Het radiologisch onderzoek van de borstkas mag worden verricht, zonder de voorwaarden te vervullen geformuleerd in deze paragraaf, door de begunstigden van de erkenning, afgeleverd door de Minister tot wiens bevoegdheid de volksgezondheid behoort, in uitvoering van artikel 3 van het ministerieel besluit van 22 juni 1948 betreffende de erkenning van de radiologische diensten en van de geneesheren-radiologen wat de arbeidsbescherming betreft. 54.4. Wat het bijzonder geval van voor de tandradiografie bestemde toestellen betreft : a) het toestel is specifiek voor dat gebruik ontworpen en alleen daartoe bestemd;het is van een doeltreffende beschermingsinrichting voorzien en zo in het lokaal opgesteld dat geen van de personen die er werken of er verblijven een dosis kunnen ontvangen die 0,1 millisievert per week bedraagt; b) de doorsnede van de bundel is strikt beperkt tot de te radiograferen zone en bij het nemen van de clichés is de bundel zo gericht dat de blootstelling van het organisme van de patiënt tot het minimum wordt beperkt. 54.5. Wat de voor de radiotherapie bestemde apparaten betreft : a) de ontkleedkabines zijn gelegen buiten de zaal waar het apparaat werkt.De bedieningsborden staan buiten de behandelingszaal. Het kijkgaatje, wanneer dit bestaat, waarborgt eenzelfde beveiliging als die welke door de wanden verzekerd wordt. De patiënt kan rechtstreeks of onrechtstreeks geobserveerd worden. De patiënt, het bedieningsbord van de toestellen en de deuren die tot de radiotherapiezaal toegang verlenen, staan gedurende de werking onder bestendig toezicht van het personeel dat aangesteld is voor het toedienen van de stralingen.

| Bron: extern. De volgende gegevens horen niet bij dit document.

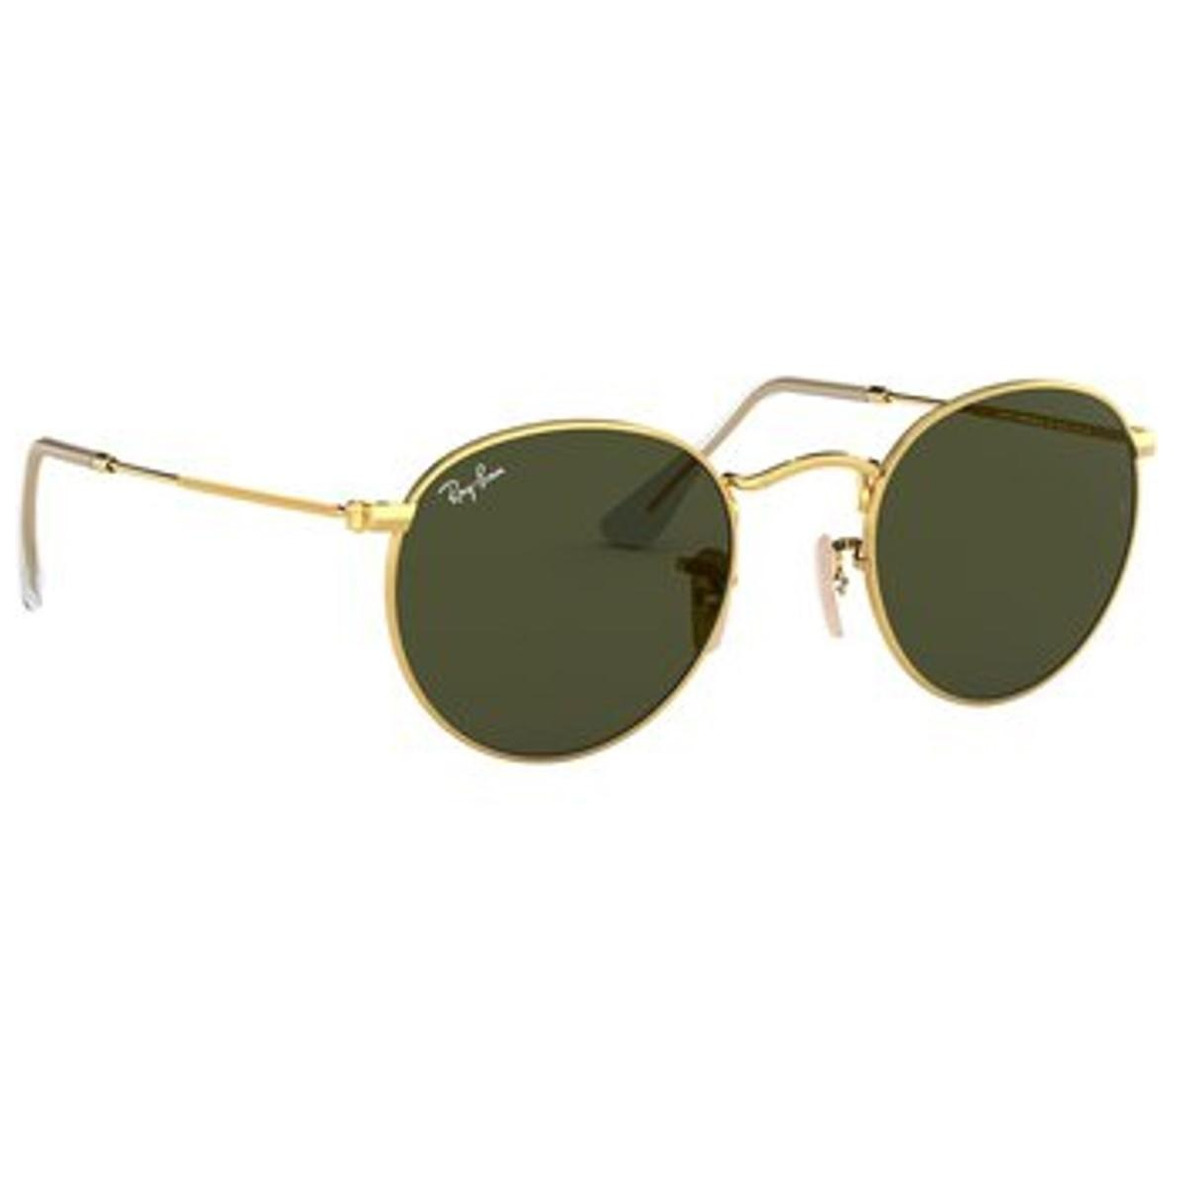 c9b3d8b511 Lentes De Sol Ray-ban Round Metal Para Hombre-verde - $ 5,957.00 en ...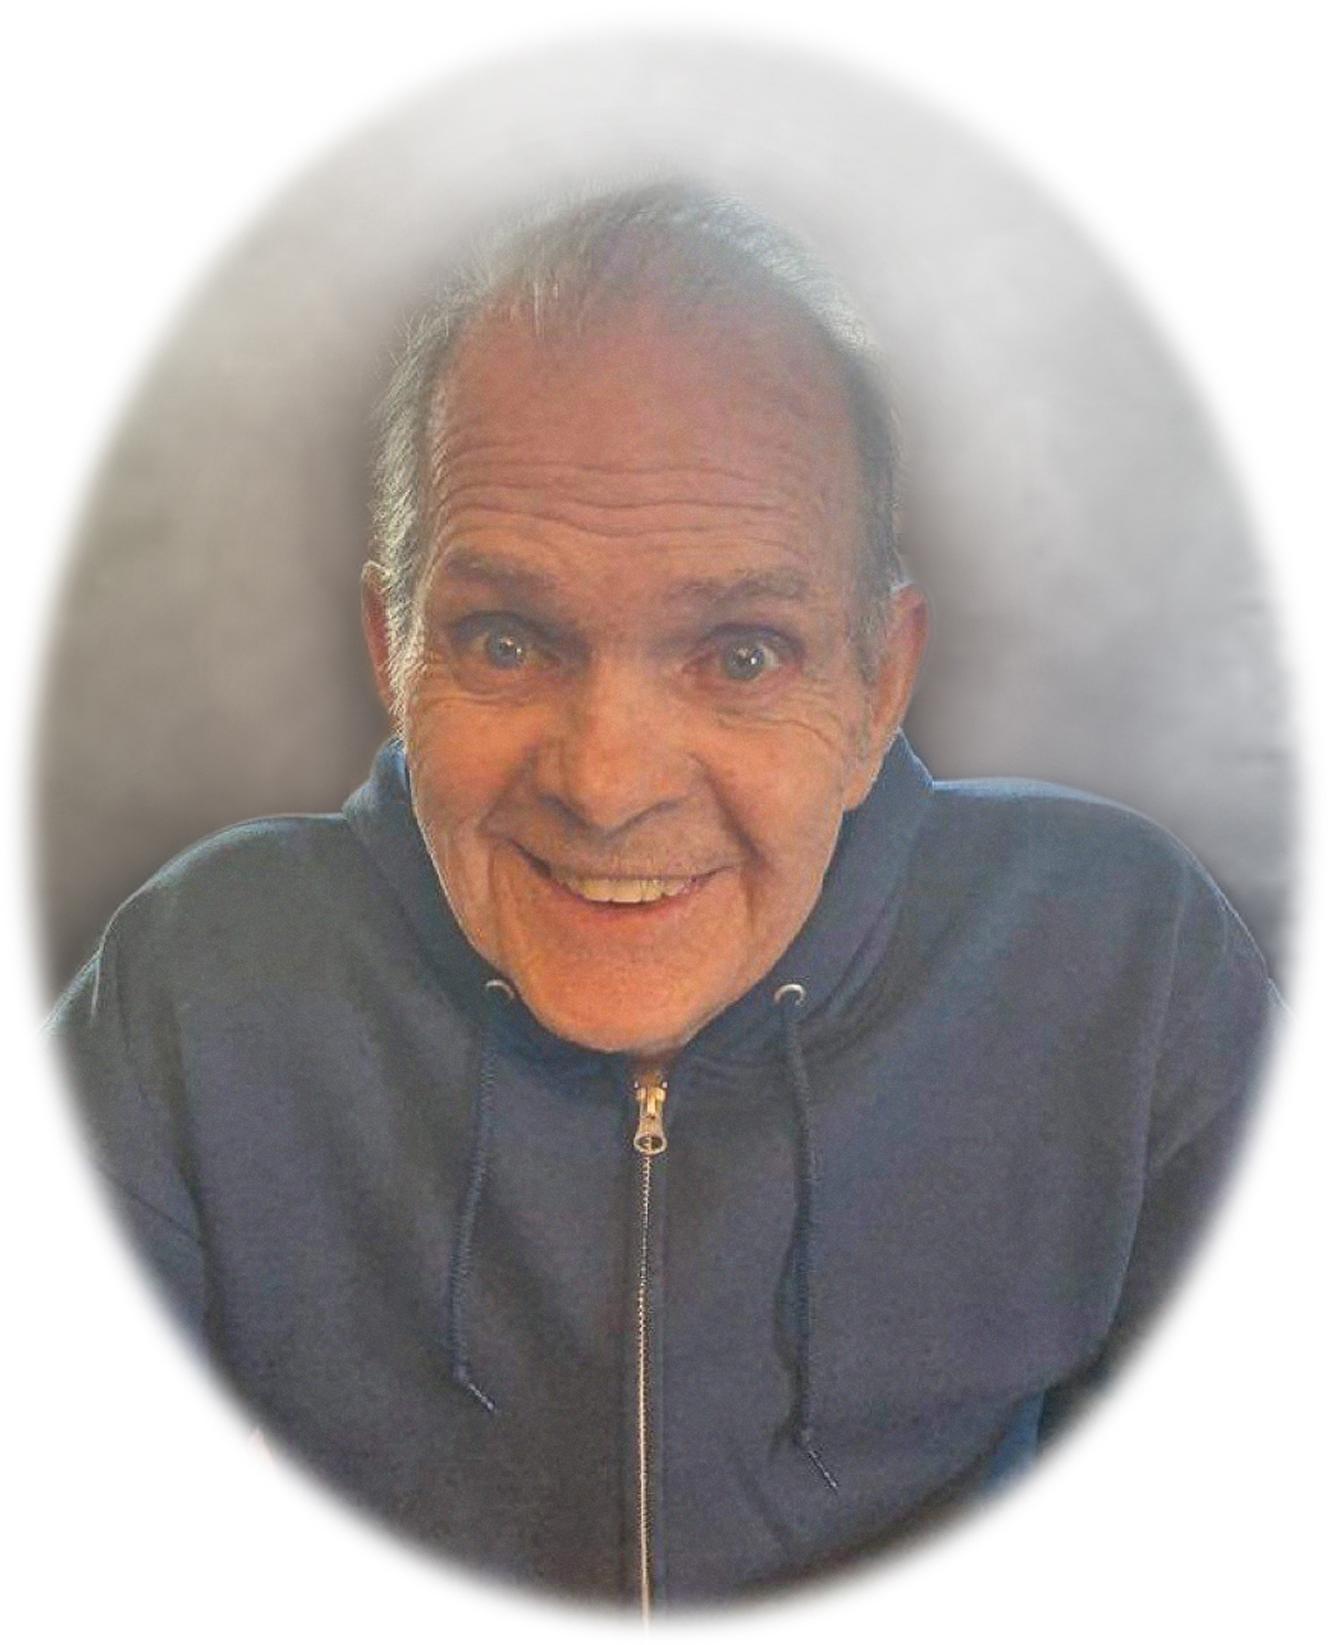 Patrick F. Shannon

In het geval van een speciaal voor de contacttherapie bestemd toestel hoeven deze aanvullende schikkingen niet te worden geëist. b) Een oproepinrichting maakt het de patiënt mogelijk in verbinding te komen met de bedieningszaal.Door middel van een tijdschakelaar wordt de duur van de blootstelling gecontroleerd en onderbroken na de gestelde tijd.
De gebruiker beschikt over een toestel waarmee de per tijdseenheid toegediende dosis kan worden gemeten.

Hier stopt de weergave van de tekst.